Norwegen spielt als Gruppenletzter nun gegen Slowenien
Die Hoffnung auf einen leichteren Gegner, die mit diesem Sieg verbunden war, erfüllte sich jedoch nur bedingt. Norwegen spielt als Gruppenletzter nun gegen Slowenien, den Weltranglisten-15., um den Einzug ins Viertelfinale. Deutschland, Achter der Weltrangliste, bekommt es mit dem Siebten und WM-Zweiten von 2013 zu tun, der seinen großen Nachbarn in den vergangenen Jahren in der Entwicklung deutlich hinter sich gelassen hat.
Über die aktuelle Lage in Pyeongchang kann der Fortschritt des Schweizer Eishockeys allerdings keine genaue Auskunft geben. Mit ihren Besten wären die Eidgenossen eine enorme Hürde, doch die meisten davon sind nicht dabei. 15 Spieler sind in der nordamerikanischen NHL aktiv, die ihre Profis in Südkorea nicht mitwirken lässt.
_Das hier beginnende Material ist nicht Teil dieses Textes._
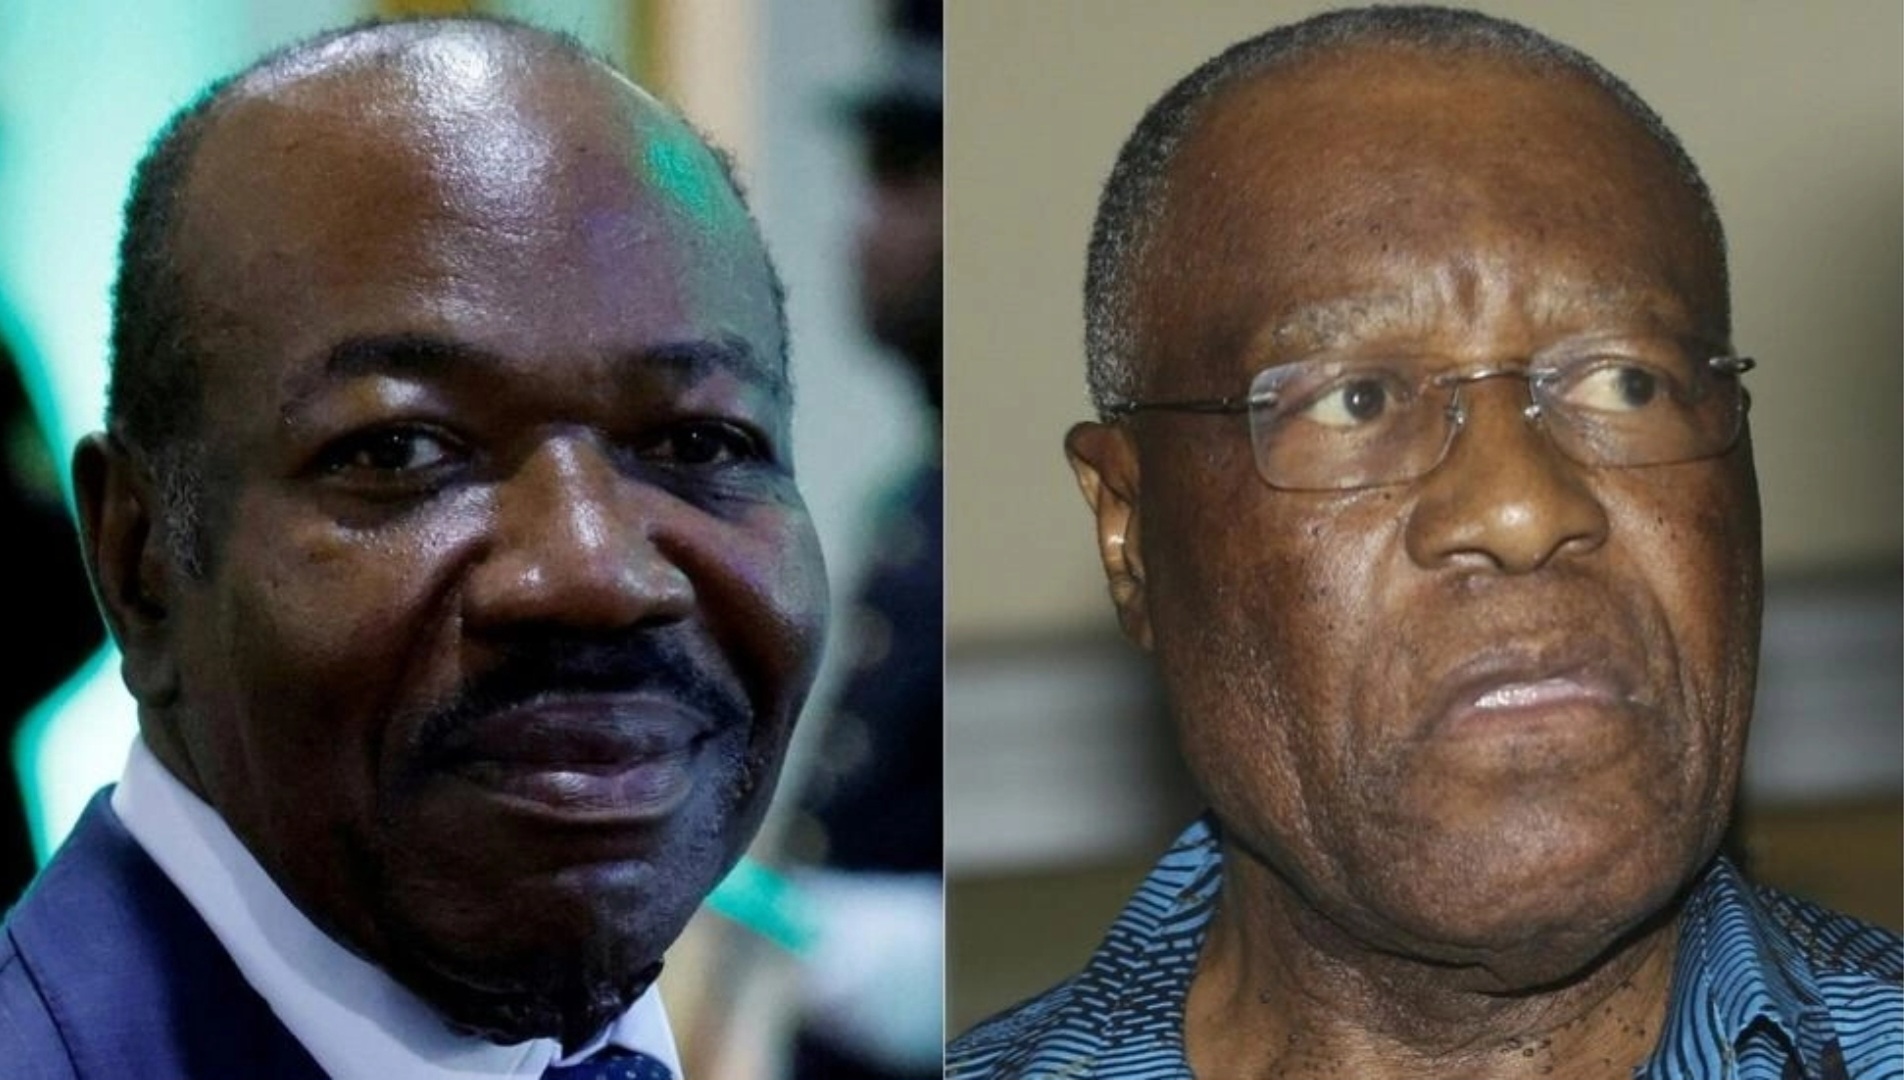 Albert Ondo Ossa, principal candidat de l’opposition au Gabon: « Il n’y a pas de coup d’Etat militaire, mais une continuité des Bongo… »

Im Vergleich dazu muss Sturm auf sieben NHL-Akteure verzichten. Mit der Kompensation des Verlustes tun sich die Schweizer trotz einer weitaus stärkeren heimischen Liga im Hintergrund deutlich schwerer als die Deutschen.
Das haben Sturm und seine Mannschaft wahrgenommen, und es stärkt das Selbstbewusstsein ebenso wie der Erfolg gegen Norwegen. „Ich denke, wir haben uns von Spiel zu Spiel gesteigert. Wenn wir noch mal eine Schippe drauflegen können, können wir vielleicht auch das nächste Spiel gewinnen“, sagt Stürmer Gerrit Fauser. Andere formulieren ihre Erwartungen deutlicher. „Es ist noch einiges drin“, sagt Angreifer Patrick Hager. Das Turnier hat mit den angeglichenen Kräfteverhältnissen aufgrund der NHL-Absenz in der Gruppenphase bereits einige Überraschungen erlebt, weitere erscheinen möglich.
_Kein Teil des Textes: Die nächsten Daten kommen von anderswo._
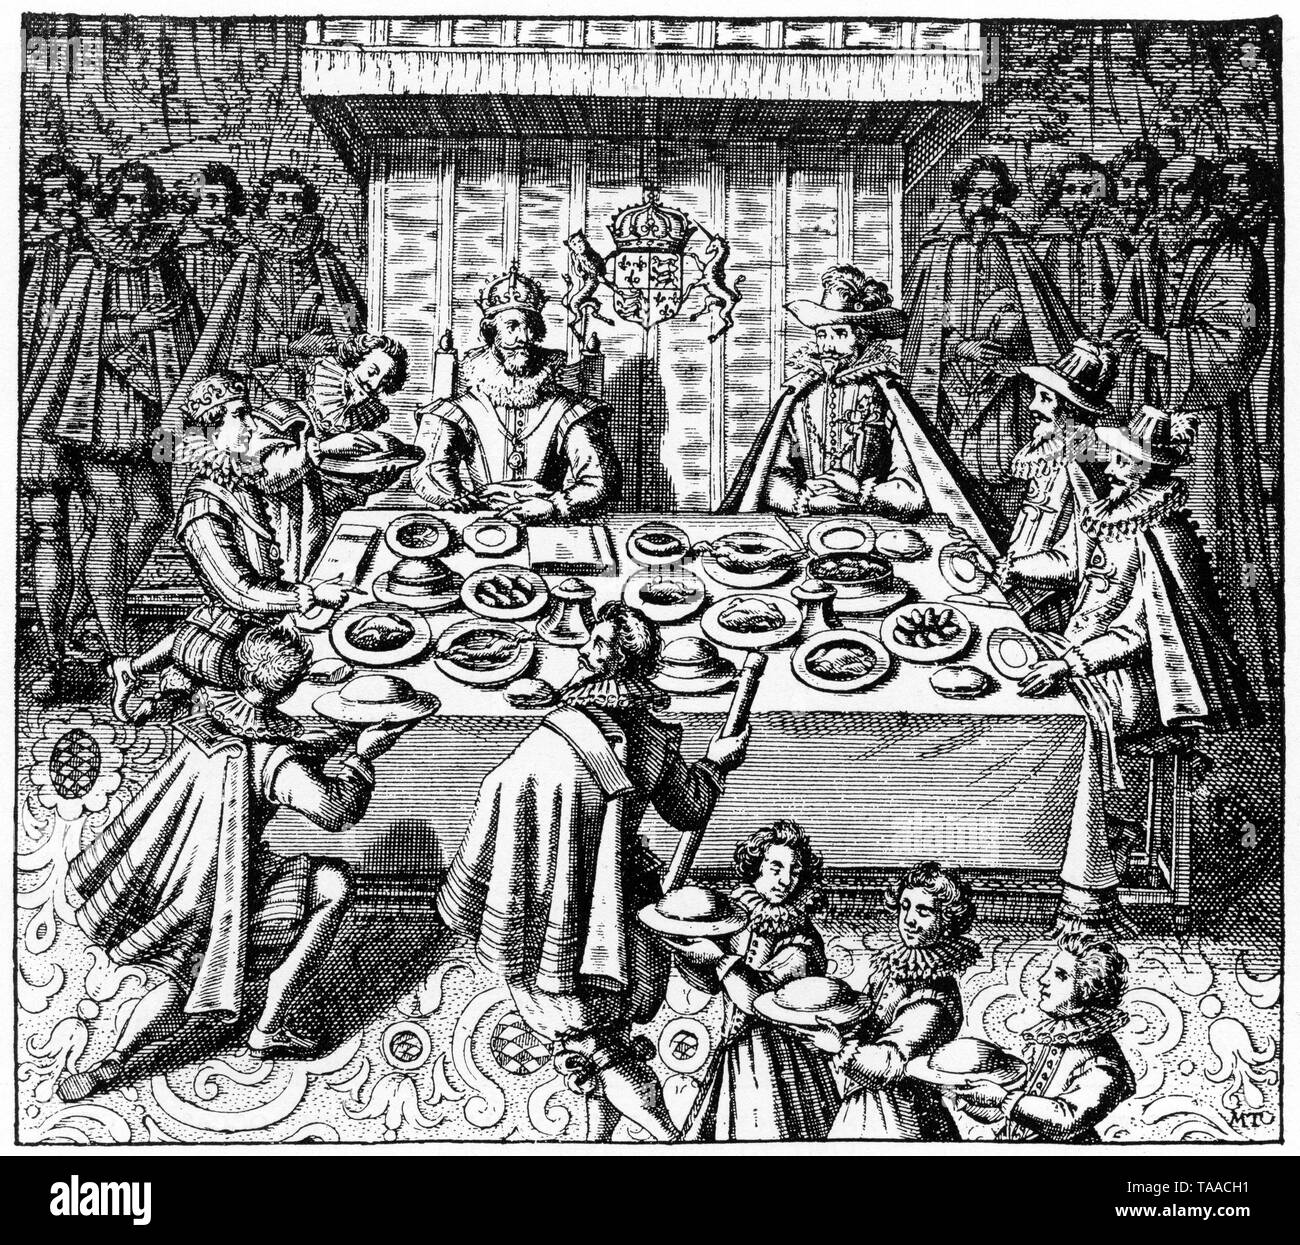 Le roi James I (1566-1625) se régalant avec les Espagnols Ambassadeur extraordinaire qui a accompagné le Prince Charles le futur roi Charles I (1600-1649) et George Villiers, 1 duc de Buckingham KG (1592 -1628) à son retour de Madrid, 1623. Banque D'Images

Auch durch das deutsche Team. „Wir stehen defensiv sehr gut, sehr kompakt, lassen wenig zu“, sagt Sturm. In der Offensive müssen „wir es mehr erzwingen“, so Fauser. Die Ausbeute vor dem gegnerischen Tor fiel bislang nicht zufriedenstellend aus. Sturm will von seinen Spielern nun mehr Schüsse sehen, mehr Druck auf die gegnerische Abwehr. Auch das Überzahlspiel soll taktisch noch besser aufgestellt werden. „Wenn wir unser Eishockey spielen und vorn effizienter mit den Chancen sind, können wir jeden Gegner schlagen“, erzählt Hager. Einen Gegner, den man fürchten muss, habe er im Turnier noch nicht gesehen.
„Die Jungs brennen genauso wie wir damals"
Diese Einstellung verleitet den Präsidenten des DEB sogar zu großen Vergleichen. „Die Jungs brennen genauso wie wir damals. Das sieht man am Funkeln in den Augen“, sagt Franz Reindl, der 1976 in Innsbruck mit dem deutschen Team sensationell Bronze gewann. Bevor es nun soweit kommen könnte, müsste im Viertelfinale erst einmal Schweden geschlagen werden. Gegen den Weltmeister liefert das deutsche Team beim 0:1 in der Punkterunde immerhin eine der besten Leistungen überhaupt unter Sturm ab.